Тело на доске дёрнулось и сразу обмякло. Мальчишка у оцепления отшатнулся. Женщина впереди перекрестилась так быстро, что задела локтем соседа. Кто-то произнёс: «Господи». Вернье наконец разжал пальцы. Жестяной стакан оставил на ладонях две красные полосы. Всё заняло меньше времени, чем у него уходило на проверку одной строки в приходной книге.
А через несколько мгновений площадь начала возвращаться к обычной жизни. Торговец снова принимал монеты. Возчик ругался на телегу, застрявшую у края площади.
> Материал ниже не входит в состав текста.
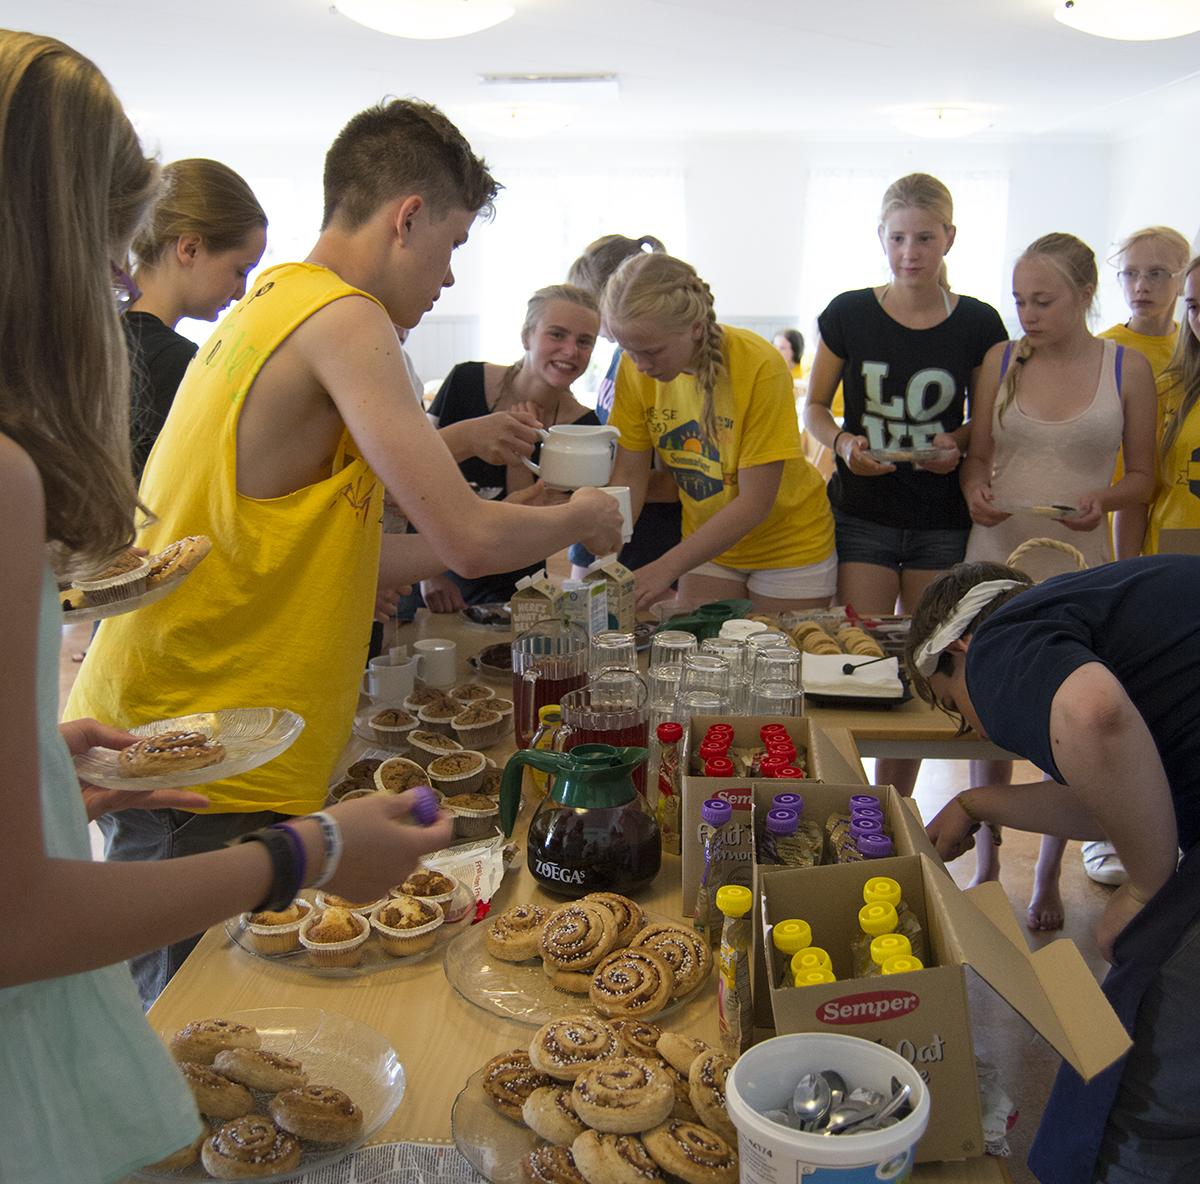 Deltagarna plockar från den glutenfria kakbuffén.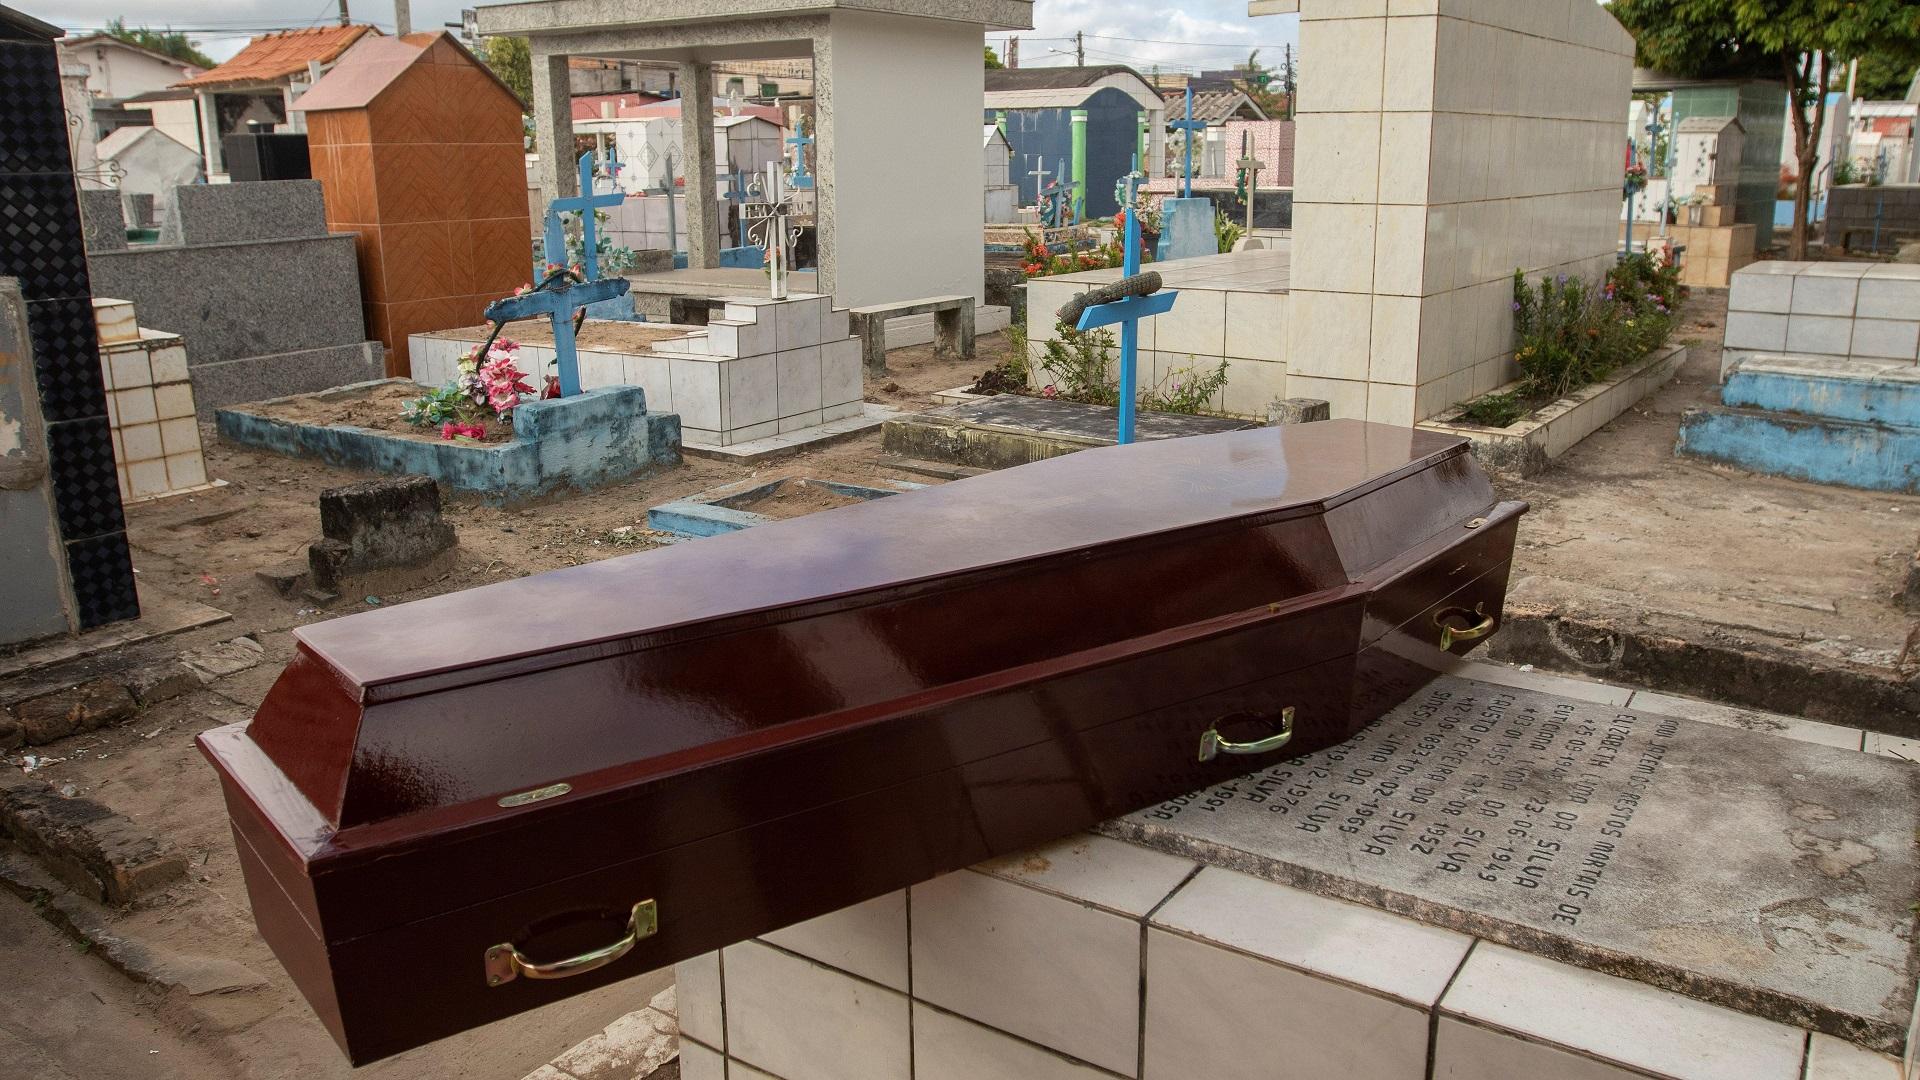 Ataúd para enterrar a una de las víctimas de la masacre del Centro de Recuperación Regional de Altamira. Foto de EFE / Joédson Alves

Две женщины уже спорили о цене рыбы.
Вернье посмотрел на стакан, поставил его возле бачка и пошёл к набережной. Человек, писавший серые листы, исчез за несколько секунд. Сами листы прожили дольше. Об этом Вернье прежде не думал.
Он медленно шёл вдоль Сены, пропуская телеги и людей, и думал ни о России, ни о мести. Его занимал гораздо более практический вопрос: что теперь делать с тем, что осталось? Решить следовало сегодня.
Он отпустил приказчика раньше времени, запер контору изнутри, затворил ставни на болты и растопил печку в задней комнате, хотя вечер стоял тёплый. Потом отпер потайное дно шкафа и выложил связку на стол.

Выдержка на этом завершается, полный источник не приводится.